Todavia eu renasci em outro mundo.

Meu choro cheio de lamúrias saiu de minha boca pequena, experimentei as primeiras lufadas de ar em meus pulmões e deixei o oxigênio correr para dentro do meu corpo, me enchendo de vida. Estava viva, mas habitava em um corpo de um bebê.

Um rosto feminino de olhos cor de mel e orelhas pontudas me encarou com cautela, seus braços tremeram quando me pegaram e por um momento eu achei que ela tremia de felicidade e fadiga. Porém, seus olhos se arregalaram quando me olhou mais de perto, suas feições foram de surpresa para pavor.

- Diga a todos que minha criança morreu. - falou com uma voz arrastada.

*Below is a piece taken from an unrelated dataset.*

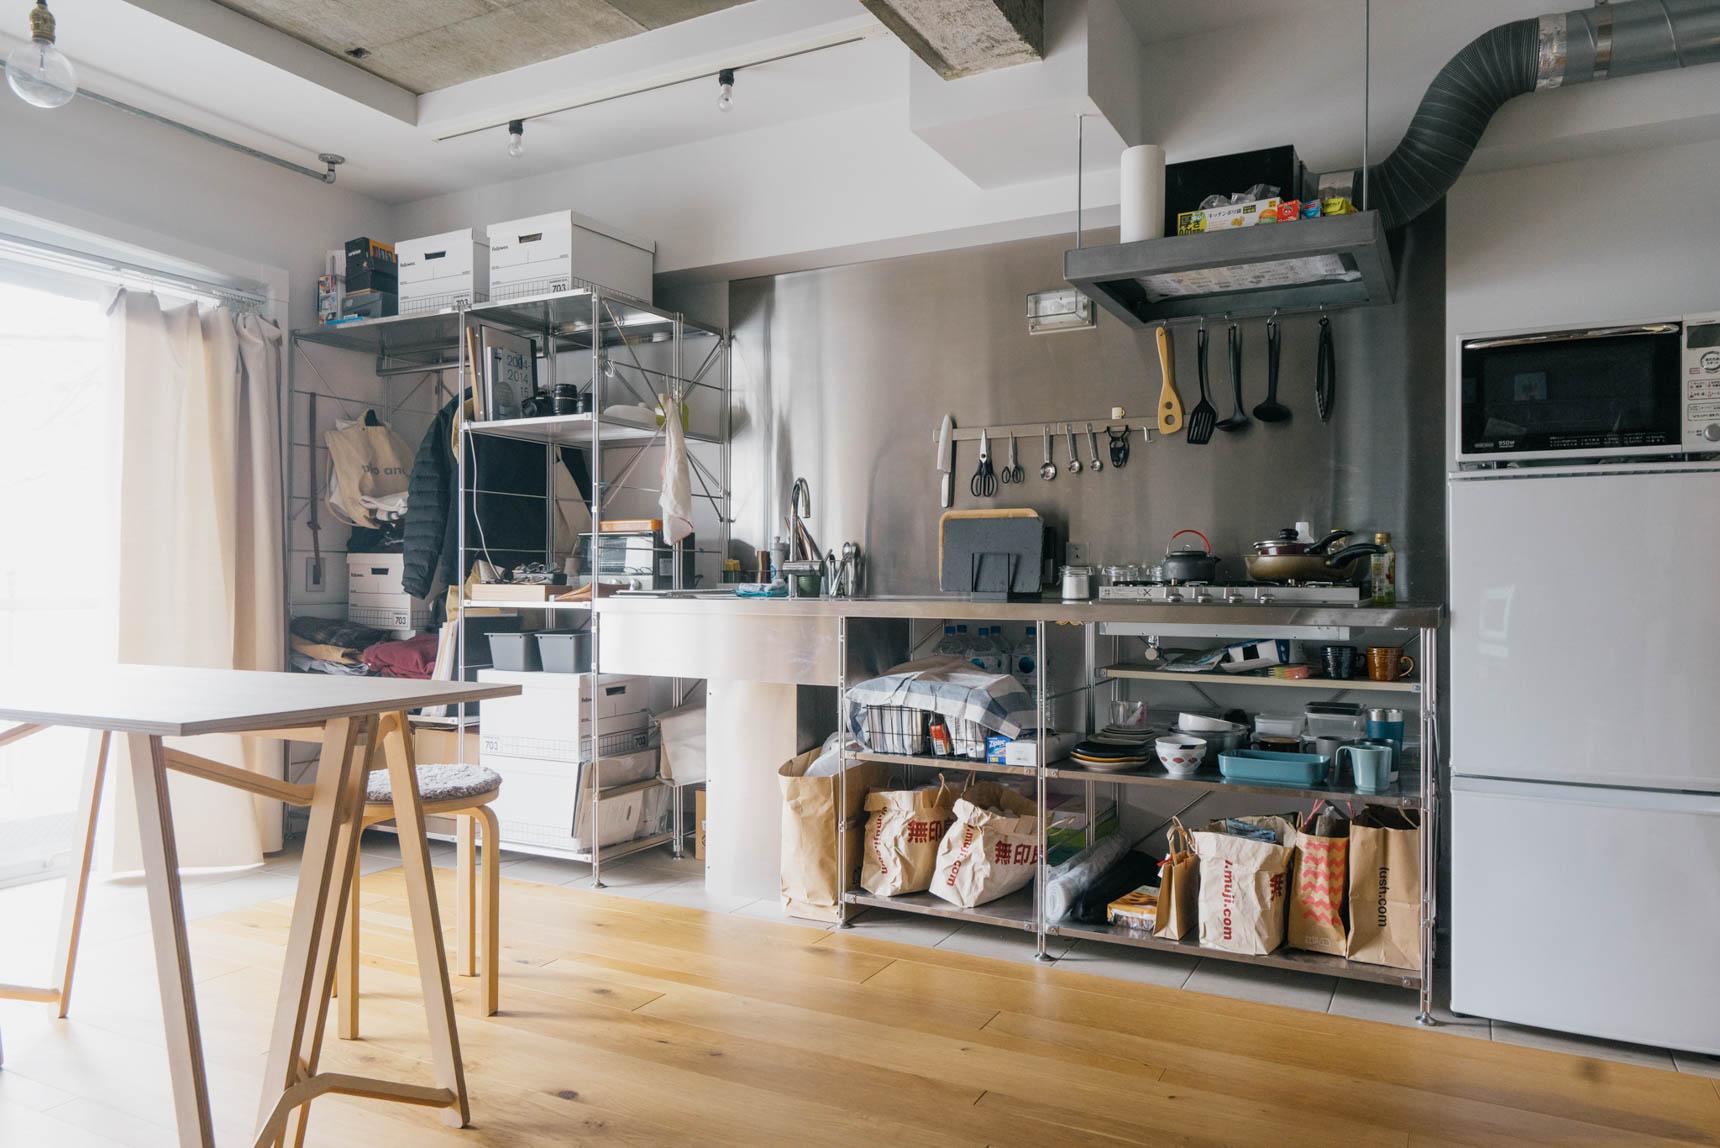 キッチンは、無印良品のステンレスユニットシェルフキッチン。かっこいいですよね。

Eu não sabia quantas pessoa estavam naquele recinto, meus olhos ainda não haviam se acostumado totalmente ao ambiente, apenas conseguia enxergar aquela mulher que tinha o medo estampado na face. Não compreendi suas palavras, não entendi a razão do seu medo e nem de pedir para que contassem que eu estava morta. Meu coração batia forte em meu peito, um símbolo que eu realmente estava vivia - não morta- mas aquela mulher, minha mãe, havia dito para espalhar a notícia para todos que eu era um cadáver.

Meu choro parou, engolido pelo desconforto de suas palavras, atenta sobre tudo que que ditaria do meu futuro.

- Querida...

Um rapaz de pele clara, cabelos negros, olhos azuis e alto, caminhou até onde minha mãe estava. Ele parecia hesitar nas palavras, seu silêncio delatava que estava escolhendo as palavras que ajudassem a melhorar o clima, mas não sabia se ele estava se decidindo se aceitava aquele pedido egoísta ou se descartava ele.

Esperava que estivesse a favor de me manter viva.

- Ela é um mostro! Olhe para esses olhos vermelhos sangue, tão vividos e líquidos, é um mal presságio! Não, minha filha não nasceria dessa forma... Ela está morta e foi engolida por esse mostro. - sibilou a mulher com uma voz raivosa.

- Então pelo menos, deixa-a viver. - replicou ele.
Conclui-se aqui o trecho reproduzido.